65th ESCAP Session, Ministerial Segment Bangkok
28 April 2009

Statement of
Mr. Jan KUBIS
UNECE Executive Secretary

The Global Economic and Financial Crisis: Regional Impacts, Responses and Solutions: The ECE Region *

I. Introduction and overview

The ECE region which is composed of 56 economies is a very diverse area with advanced, emerging and a few rather poor developing countries. The nature of the crisis in terms of how it entered and impacted these different economies varies considerably, and the policy options available to these countries also vary considerably due to differing economic circumstances and institutional constraints. As such it is difficult to generalize about the economic situation and policy responses of the ECE economies overall; at a minimum North America, the advanced western Europe countries and the European emerging economies must be treated separately.
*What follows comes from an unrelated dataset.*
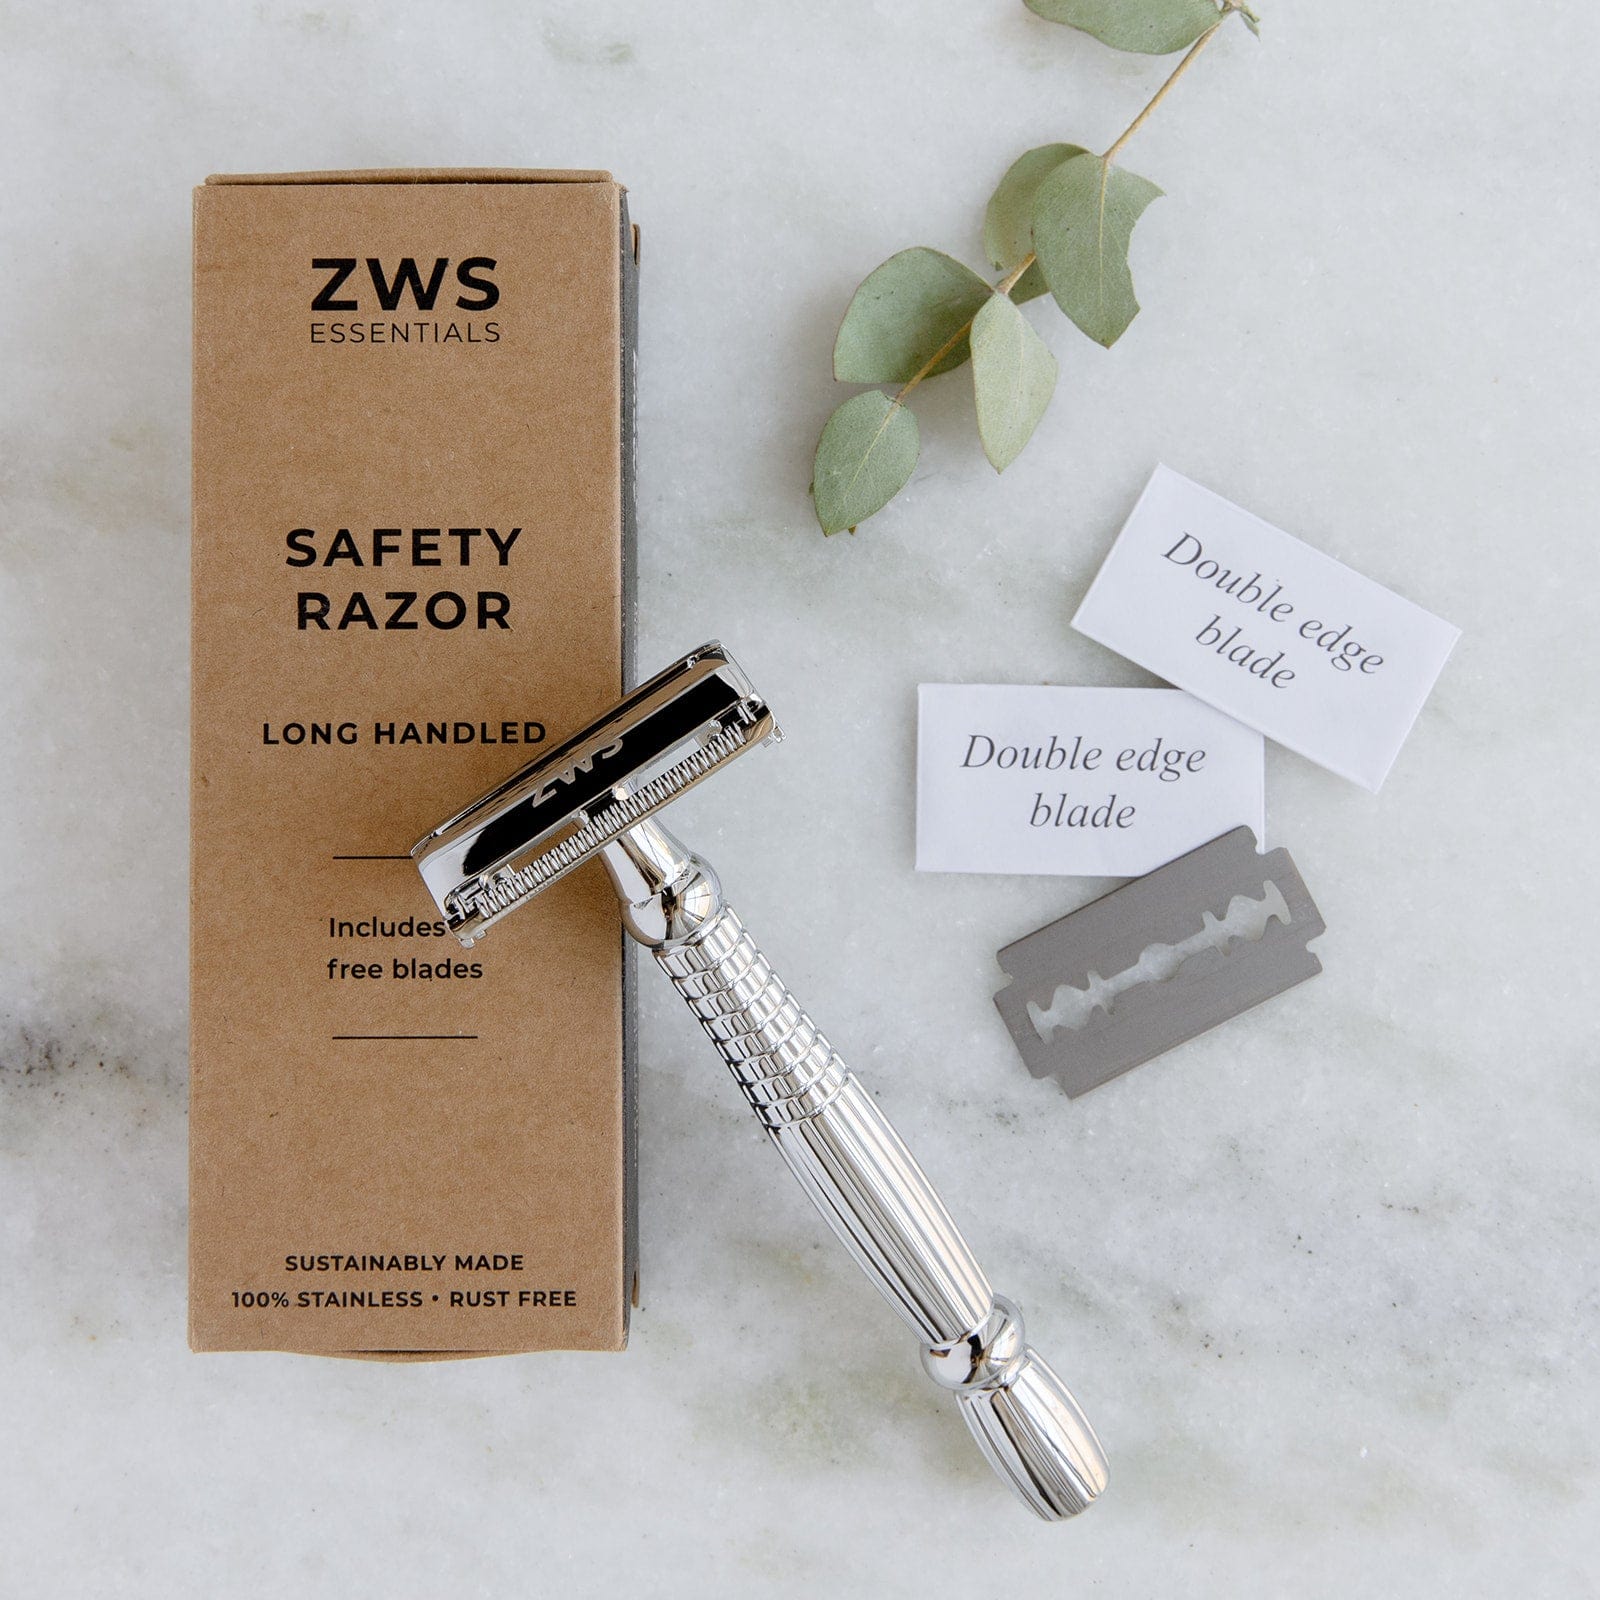 ZWS Essentials Long Handle Zero Waste Safety Razor - Sustainable Razor - Stainless Steel, Single Blade, 10 Free Blades

The ECE region entered in 2008 what is forecast to be the worst economic downturn since the Second World War. Each of the sub-regions of the ECE is either experiencing or expecting to experience negative growth in 2009. The decline in growth has been accompanied by rising unemployment, and especially large declines in international trade and capital flows. Government fiscal positions have deteriorated significantly. In fact, the declines in economic growth in the emerging economies of the ECE are likely to be greater than in the advanced economies where the crisis originated.

The severity of the crisis in Europe has been due to the fact that: 1) many European banks owned a surprisingly large share of the toxic assets, 2) the national regulatory and institutional structure of the financial sector in most European economies was poorly designed for dealing with financial market turmoil, 3) regional or pan-European institutions and regulatory systems were inadequately designed for the financial situation that developed, 4) European banks were more highly leveraged than US banks, 5) in some cases European banks were overly reliant on international wholesale financing, 6) European banks had lent far more to emerging markets (than US banks) and were thus much more  exposed to the downturn in these economies, 7) even in those economies that escaped the initial financial shocks, the regional  trade linkages were quite large, 8) the design of the European Monetary System essentially eliminated lender of last resort backing for national commercial banks and sovereign debt, 9) European policy makers generally did not appreciate the importance or necessity of counter-cyclical macroeconomic policy, 10) the  European emerging economies were particularly vulnerable to a crisis due to large current account deficits and extensive foreign-currency denominated debts, 11) market participants treated the eastern European economies as emerging markets which limited their policy space, 12) several European economies had their own housing bubbles combined with  weaker mortgage lending standards, and 13) government assistance to the sectors (i.e., automobiles) most negatively impacted was constrained by nationalistic competitive concerns.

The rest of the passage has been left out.